Ok, so how about a few U-boats each towing a 500 ton tanks of Tabun converted to an aerosol by a spray rigs. I don’t believe the US distributed gas masks to the general population, not that they’re any good against nerve agents. A favourable wind direction, starting at say 3.00 am, the surprise and shear terror, particularly if it significantly hit the Washington leadership would be difficult to assess. Using this means, a 5000 ton, nerve gas simultaneously attack against Boston, New York, Washington would have been completely within their capabilities.
The US stockpiled vast quantities of mustard gas in England against the possibility that the Germans might use nerve gas against Allied troops. Germany was well aware of the consequences should it use chemical weapons against anyone, much less against US civilians.
Mounting a nerve gas attack by releasing the agent in open air would in any case be unlikely to prove successful. Tabun wasn't a gas--it was a liquid that would have to be suspended in the air. Such aerosols are notoriously difficult to maintain and control. Winds are fickle. Rain scrubs the droplets out of the air. Many of them drop out of suspension and settle on the surface--the sea in this scenario. Fresh air would rapidly dilute the agent as the cloud drifted onshore. What's more, I believe that sunlight rapidly degrades nerve agents--they aren't persistent. So the submarine crew would likely be the first casualties. They would be closest to the most concentrated agent while working on a small, lively platform in open ocean. Also, if I remember corectly, Tabun was not a modern, military nerve agent like Sarin. It was a less potent organophosphate insecticide akin to those widely used post-war--definitely dangerous, but not likely to cause immediate mass casualties when present in small concentrations.
Mustard gas was, on the other hand, a very effective deterrent, because it is arguably a much more effective weapon than a nerve agent. A nerve agent kills those directly exposed to it and takes
them out of action. Mustard gas maims, burns, and blinds those directly exposed to it, taking both the victims and a much larger number of rescuers and care-givers out of action (in WW1, I've read that a single mustard gas casualty took a total of at least three men out of the line).
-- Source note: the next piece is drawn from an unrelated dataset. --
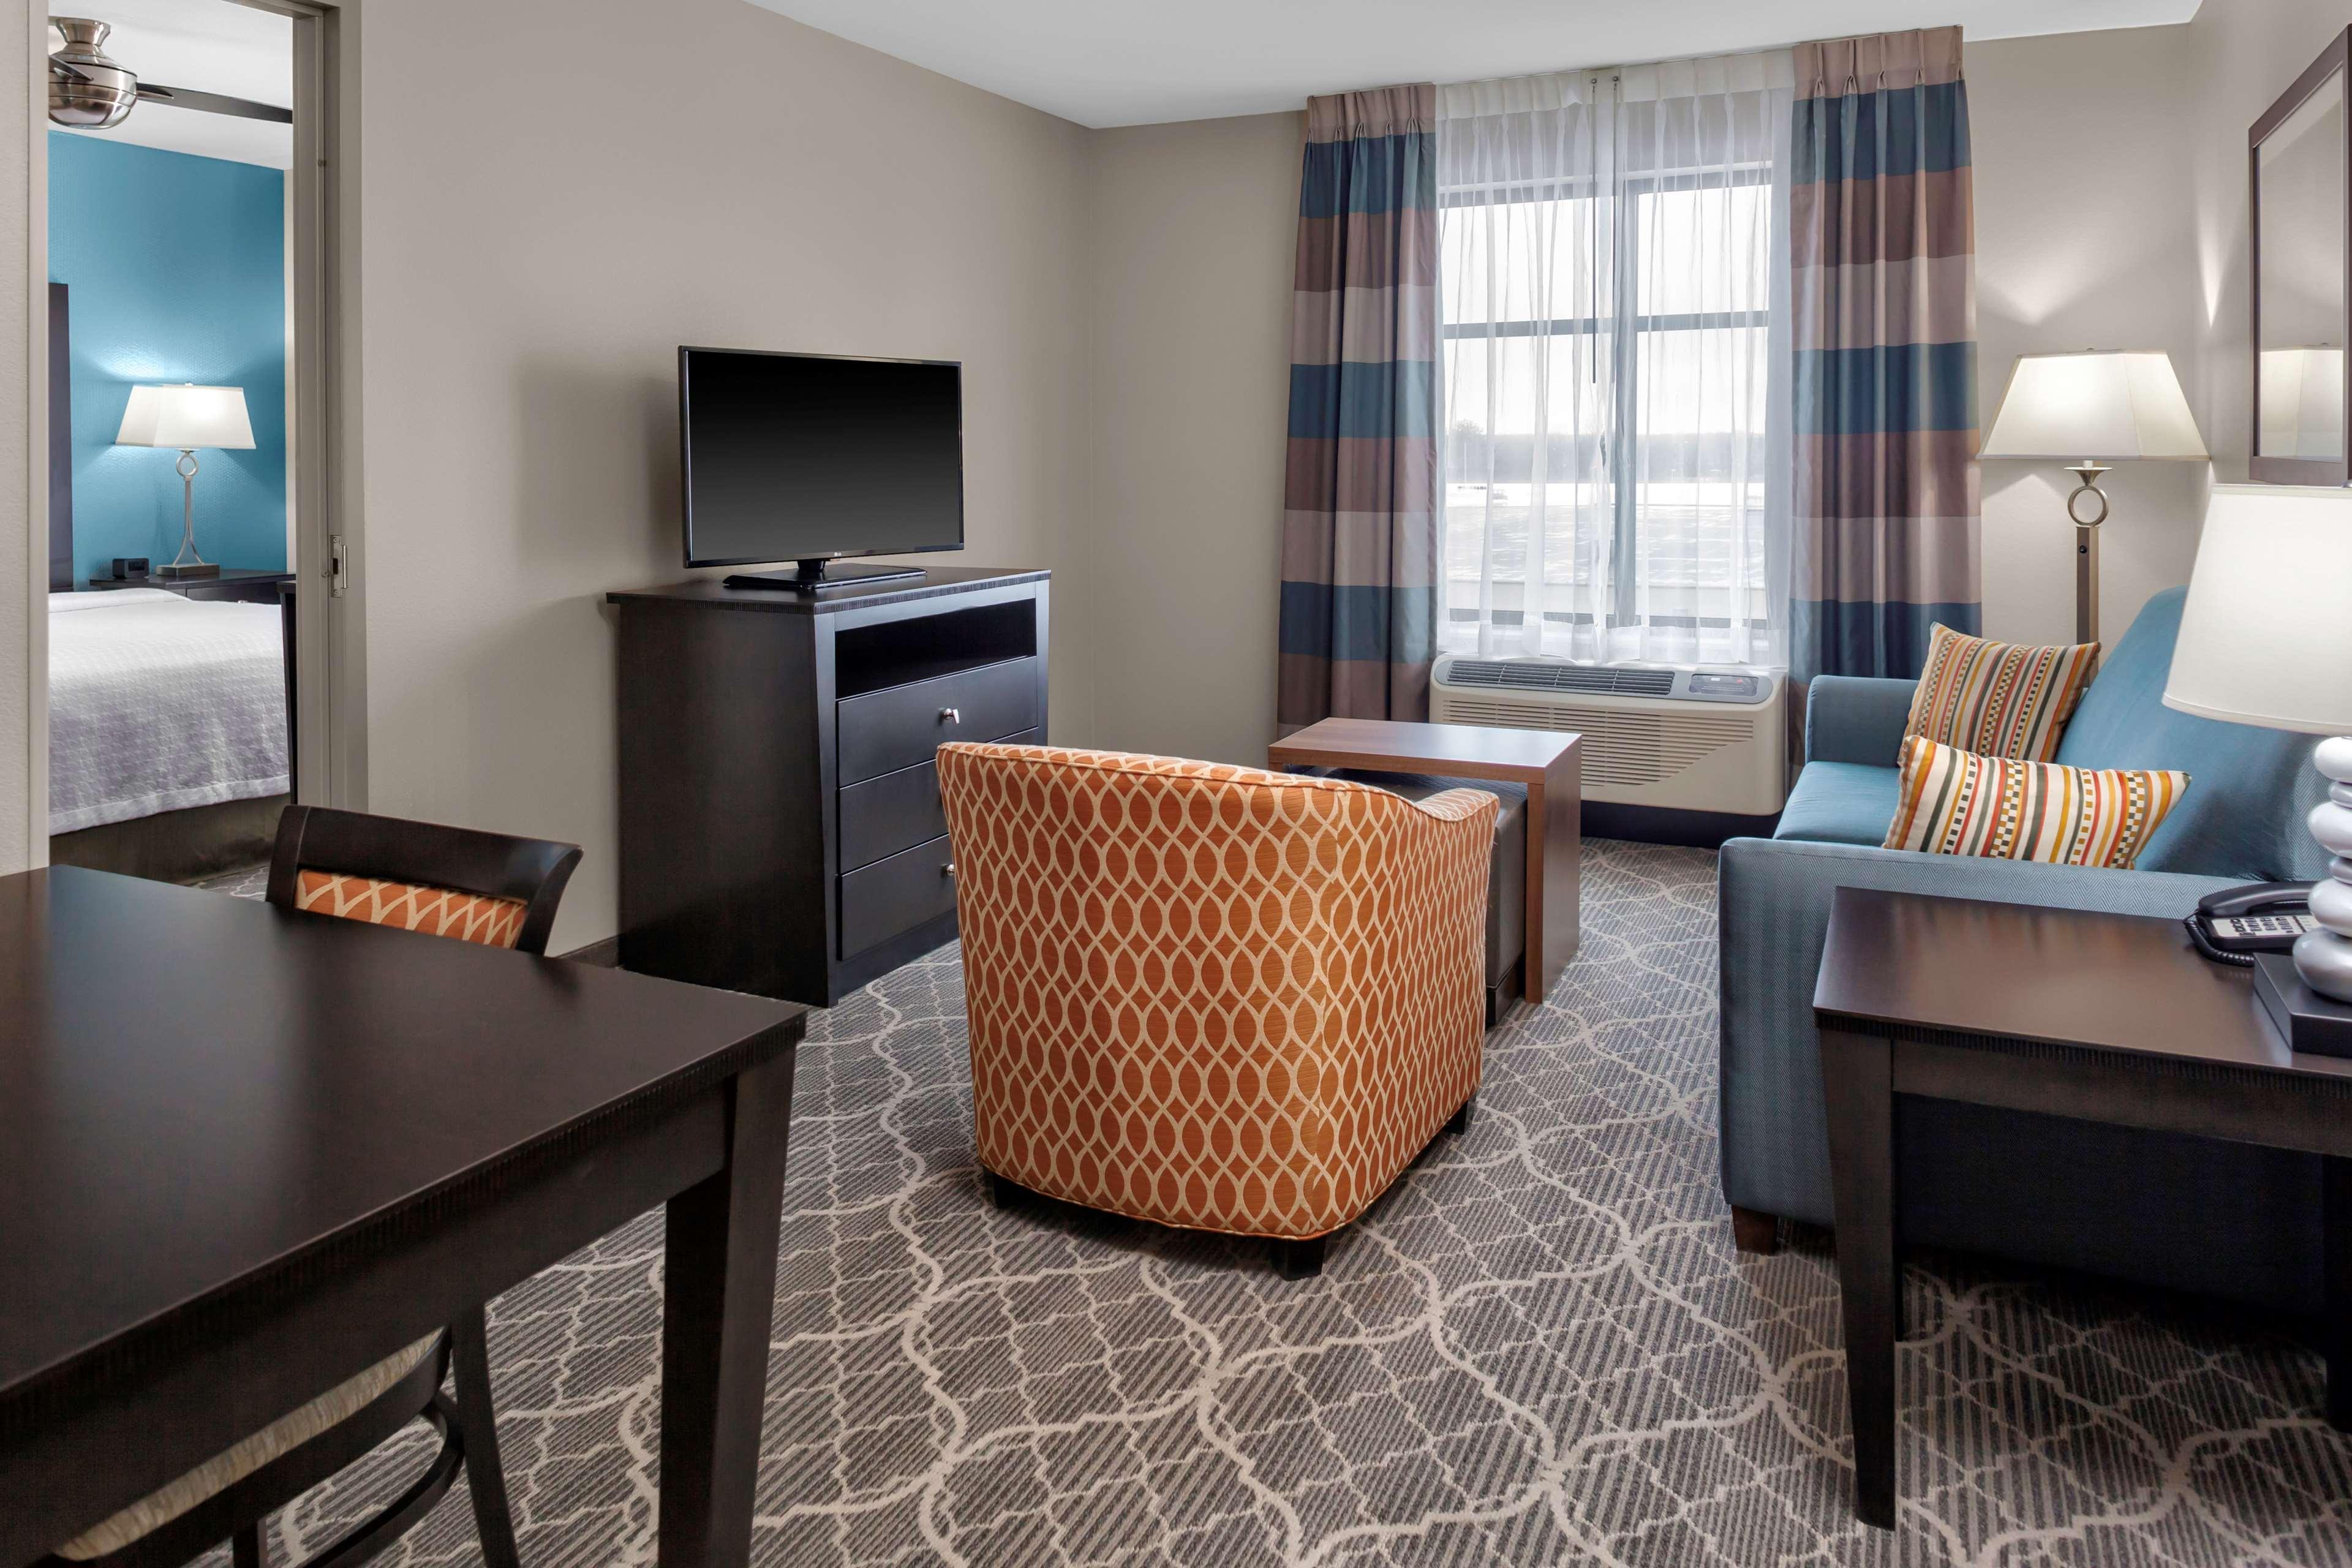 Homewood Suites by Hilton Wauwatosa Milwaukee image 20

Mustard gas was a persistent chemical that contaminated buildings and equipment and permeated soil and clothing, often causing injuries long after the original attack and denying the enemy the use of ground and materiel.
Finally, even if we were to accept that a gas attack on Manhattan could somehow extend the war with Germany, this would only mean that the war would end with nuclear attacks on Berlin and other German cities. Hiroshima only suffered because Germany was out of the war by the time that Little Boy and Fat Man were ready--Germany was the anticipated target.